Geordie Walker, Killing Joke Guitarist, Dies Aged 64
Killing Joke guitarist Geordie Walker has died, after suffering a stroke. He was 64 years old.
The legendary post-punk quartet confirmed the news with a statement on Sunday as they shared their devastation at losing the singular musician.
In a social media post, they shared: “It is with extreme sadness we confirm that at 6:30am on 26th November 2023 in Prague, Killing Joke’s legendary guitarist Kevin ‘Geordie’ Walker passed away after suffering a stroke, he was surrounded by family. ‘We are devastated. Rest In Peace brother.”
Geordie Walker joined the-then fledgling group in 1979 and, along with frontman Jaz Coleman was the only constant member. He joined up after responding to an advert he’d seen in Melody Maker, which read: ‘Want to be part of the Killing Joke? We mean it man. ‘Total exploitation, total publicity, total anonymity. Bass and lead wanted.’
Speaking about his work in the rock band, he previously said: “I liked the sound of it, it looked rather serious, fanatical, I don’t know what it was but it clicked with me. So I went down to see this guy [Jaz] and immediately started arguing with him about his taste in music and whatever, and I kept in touch and kept hassling them for some reason. I think it was the intensity of the argument I liked.”
He was known for his unique style of playing and would tune his guitar a whole tone lower, once explaining: “It suits the resonance and the volume of the thing, and you can use heavier strings. I’ve got 58s on the bottom. Basically if I play an E-position chord, it’s D.”
The acclaimed guitarist also performed in industrial groups The Damage Manual and Murder, Inc.
With Killing Joke – also comprising drummer Paul Ferguson and bassist Youth – he recorded 15 studio albums, the most recent being 2015’s Pylon.
Having debuted with their Turns To Red EP in 1979, Killing Joke released their influential self-titled debut album in 1980 and later released widely-acclaimed albums such as 1982’s Conny Plank-produced Revelations, 1983’s Fire Dances and 1985’s gold-certified Night Time, the latter including the band’s signature song and UK Top 20, Love Like Blood. In March last year, Killing Joke released a new EP, Lord Of Chaos, their first new material for seven years.
Geordie’s friend Luca Signorelli was the first to break the news, writing a heartfelt tribute on Facebook in which I shared: “What I want to remember is that Geordie was, for 40 years, the closest friend and most important person I’ve ever had outside my family.
“I met Geordie in 1983 through completely serendipitous circumstances. At the time he was dating an Italian girl. He had come to see her, but his accommodation arrangements were, let’s say, ‘less than ideal’. He needed a place to crash. Someone knew I had one. So, a meeting was arranged, in the basement of a small suburban house north of Turin.
“Of course, I knew what Killing Joke was. In fact, I was a big fan.

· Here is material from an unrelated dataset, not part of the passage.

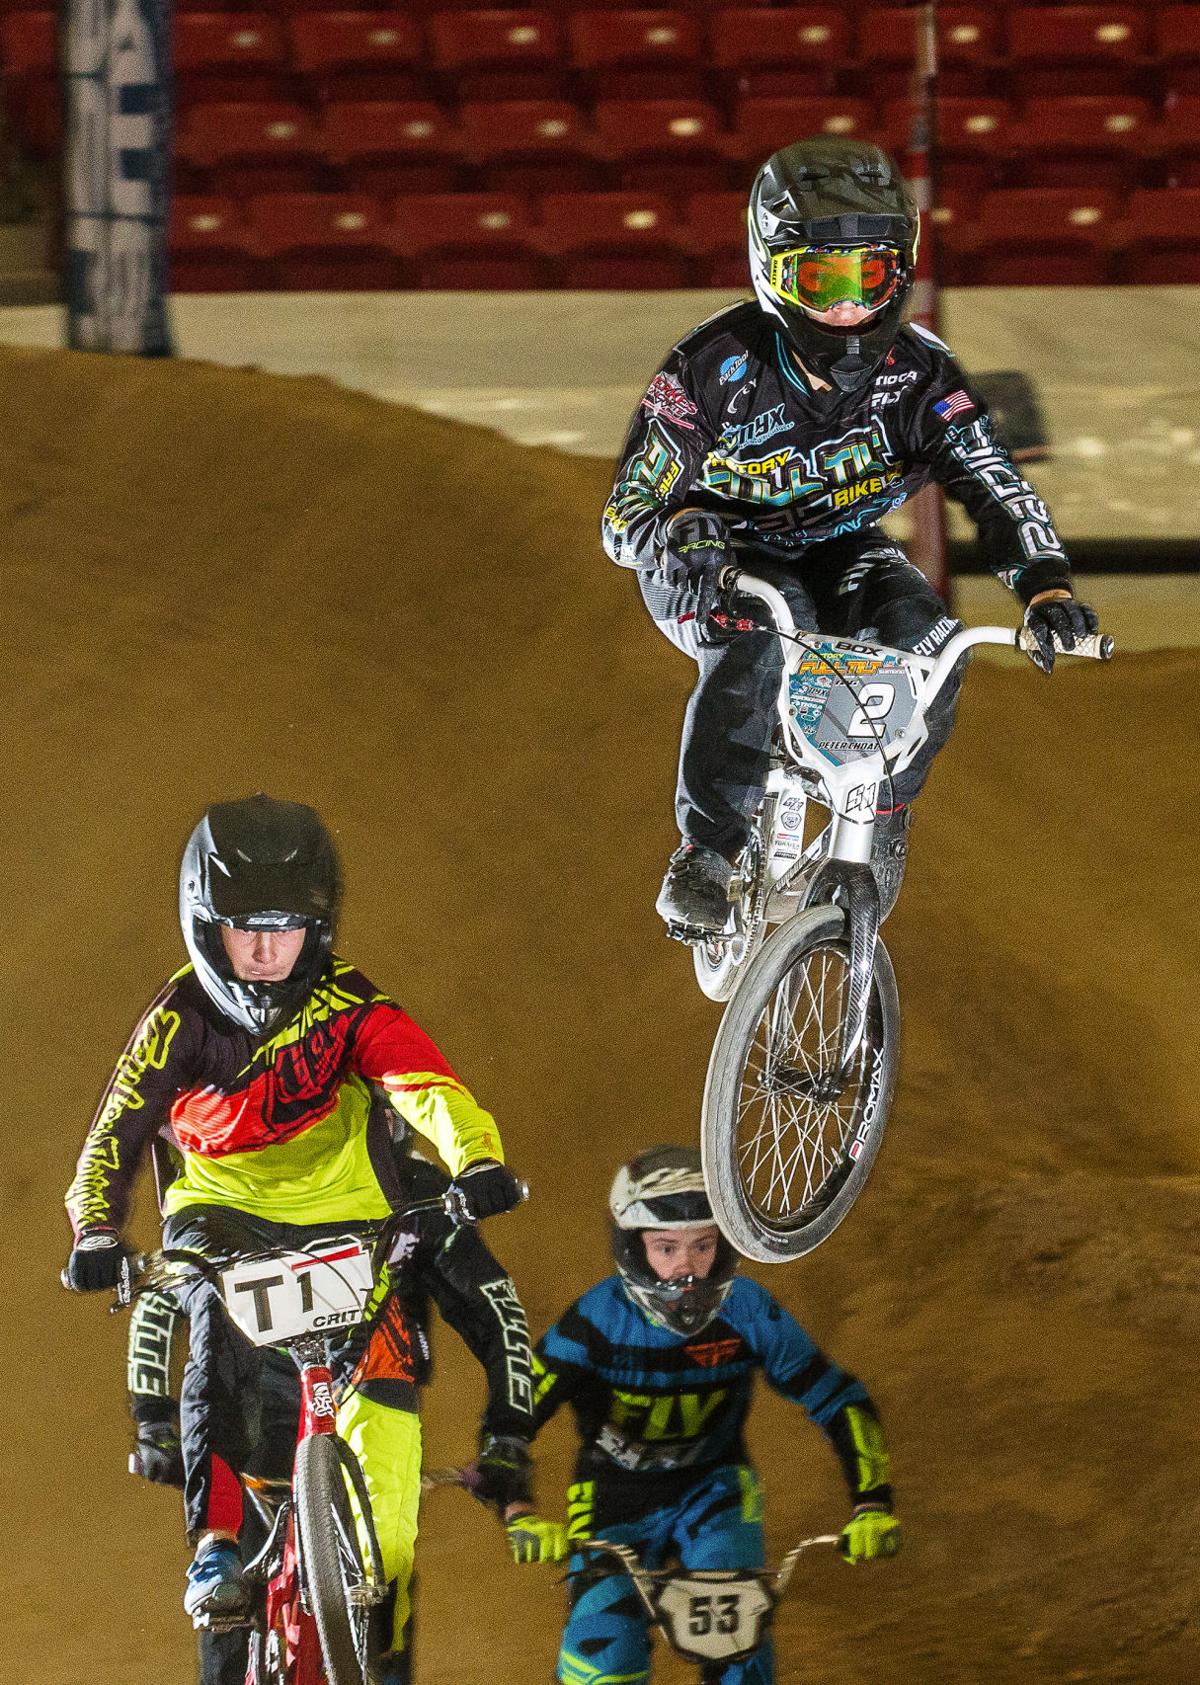 USA BMX Golden State Nationals returns to Bakersfield this weekend

While I was driving back to Turin, in a weird February sunset light I will never forget, I did the normal thing and asked him ‘What’s the lyrics of ‘Unspeakable’ (a song of their second LP I was very fond of).”
Luca added: “It was impossible not to get along with him. He was charming, polite, and very funny. The language barrier was not a problem–through a lot of impromptu translation and some laborious sign language, Geordie could make himself understood anywhere and anytime.

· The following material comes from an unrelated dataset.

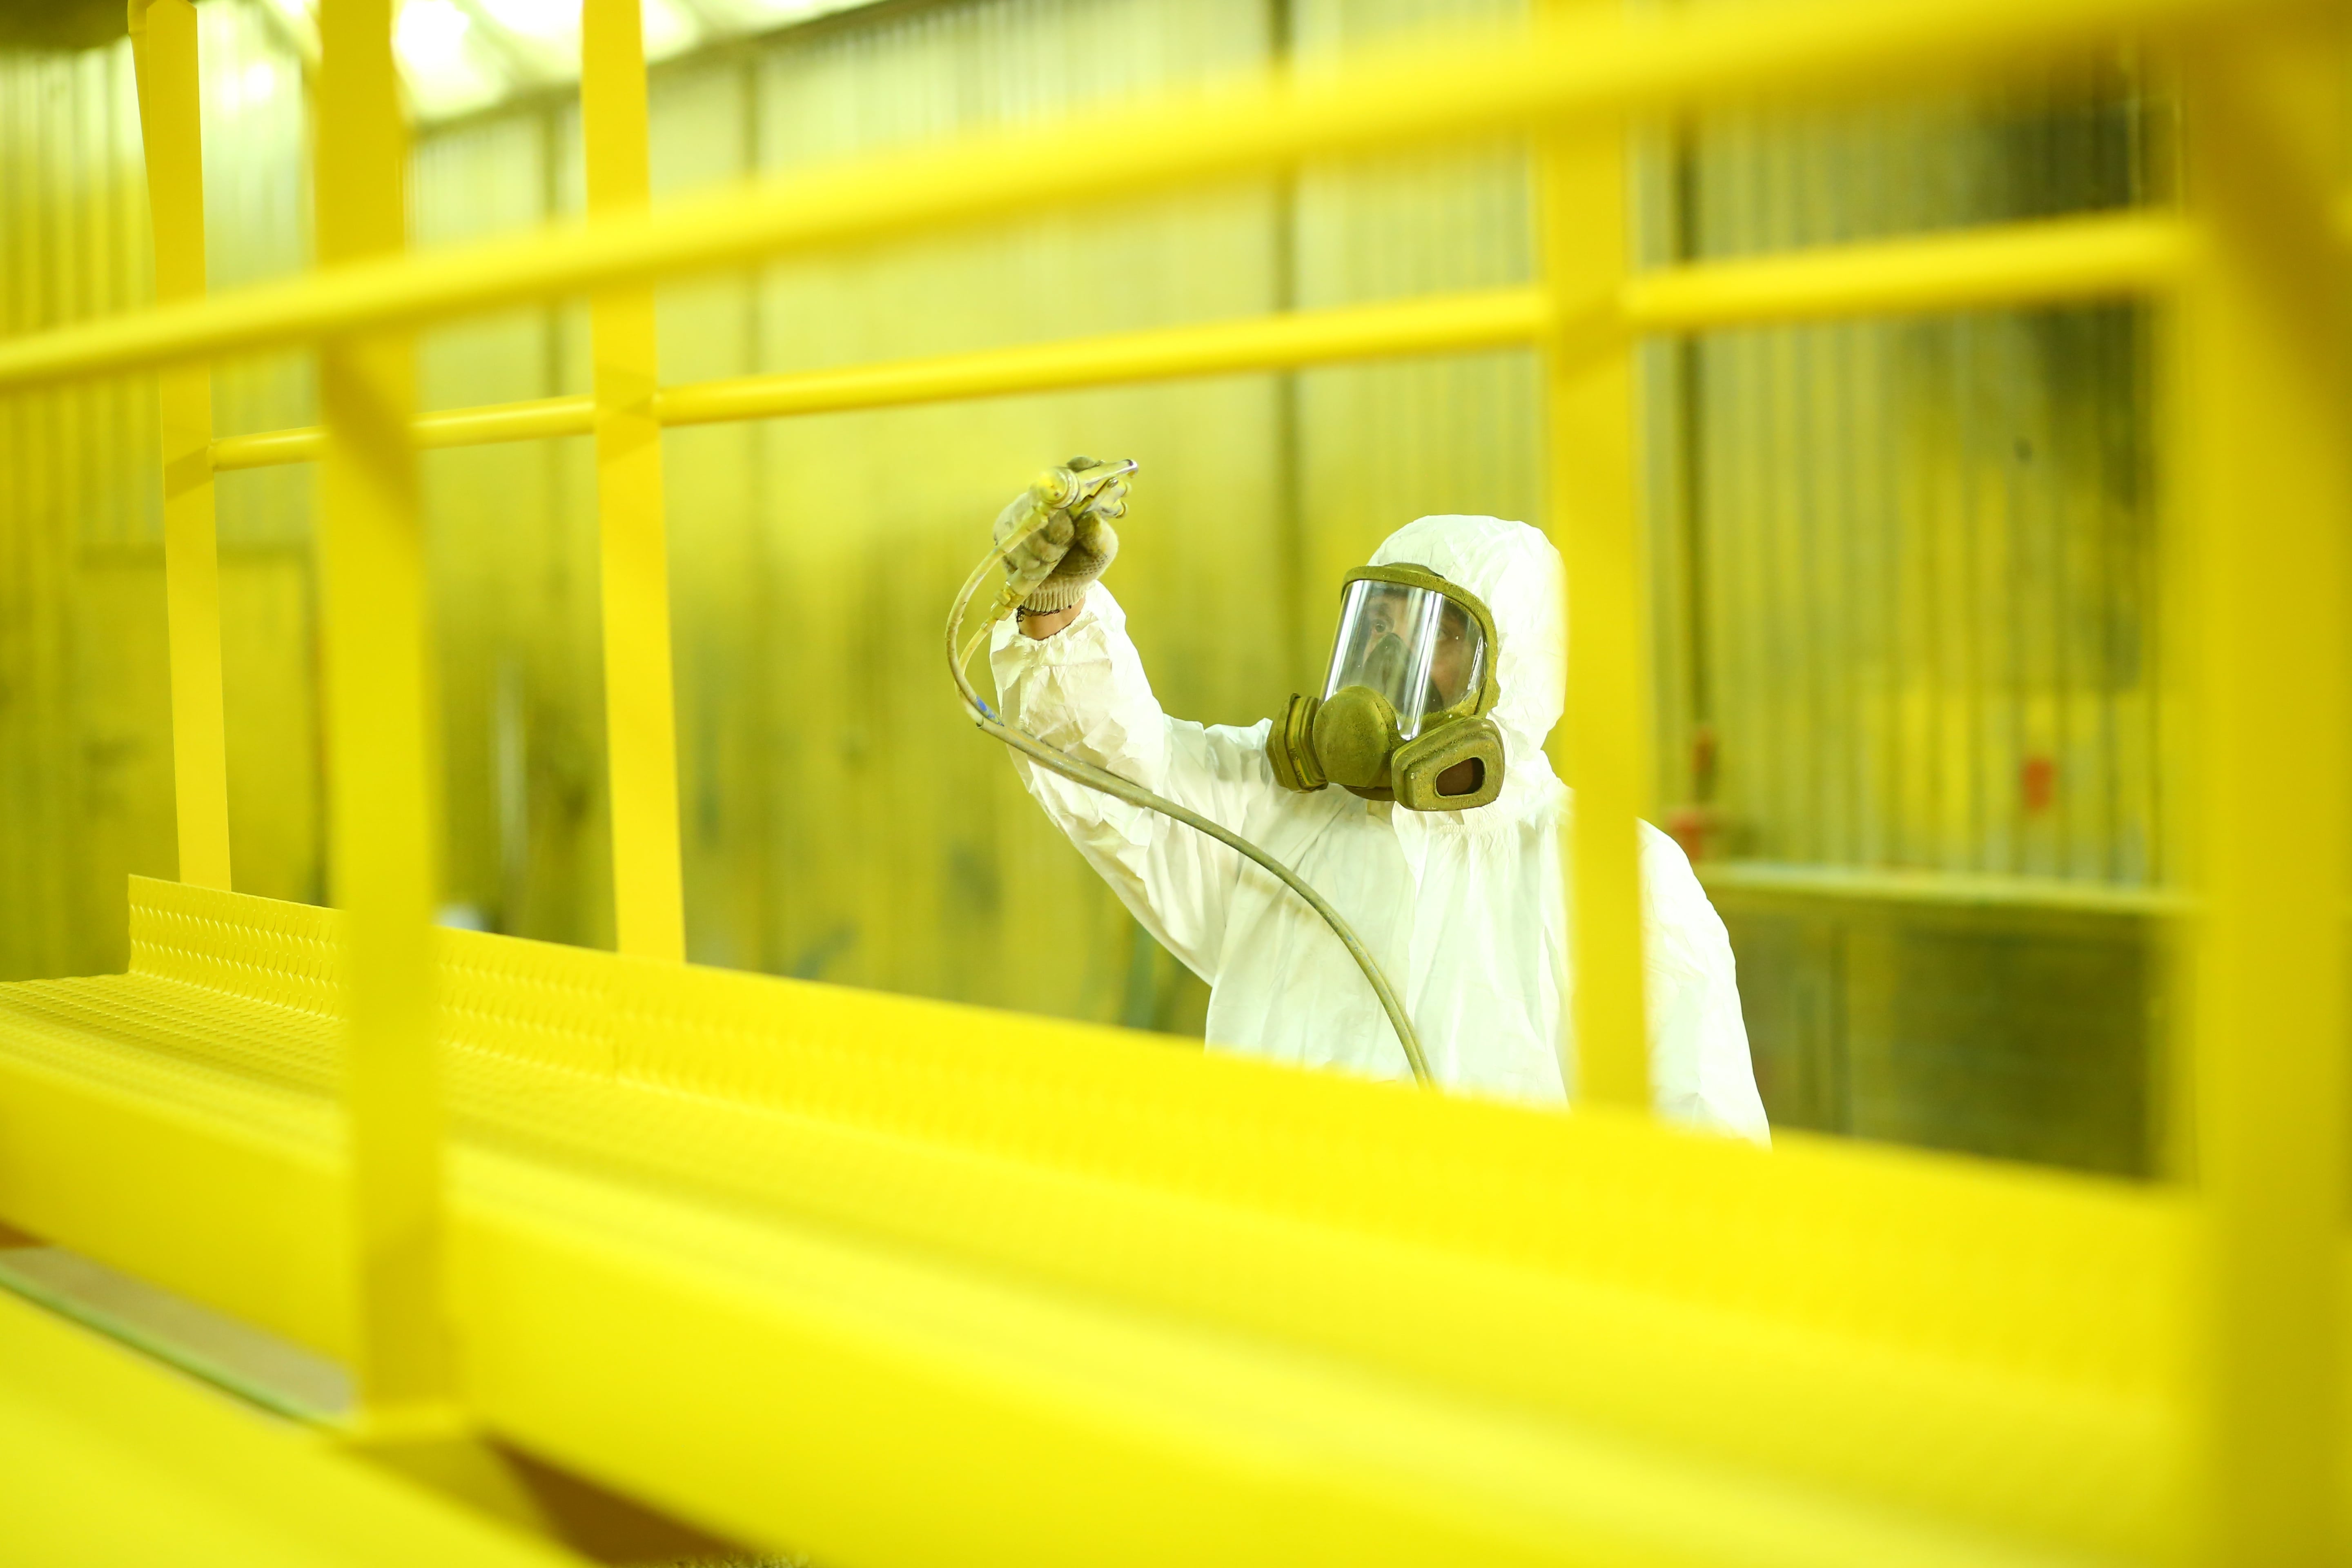 A man wearing a hazmat suit spray painting a sign as part of manufacturing process for signage creation and installation

“So began a friendship that went on for 40 years, no matter what, no matter how, no matter when. We never argued, not even once. Geordie was always there when needed. He would call me on my birthday no matter what part of the world he was in.
“I don’t remember even one moment Geordie was around that was awkward or boring. Geordie had a reputation for being abrasive and sometimes curt with people who tried to approach him, but the reality is that he didn’t want to waste his time with people he didn’t like.”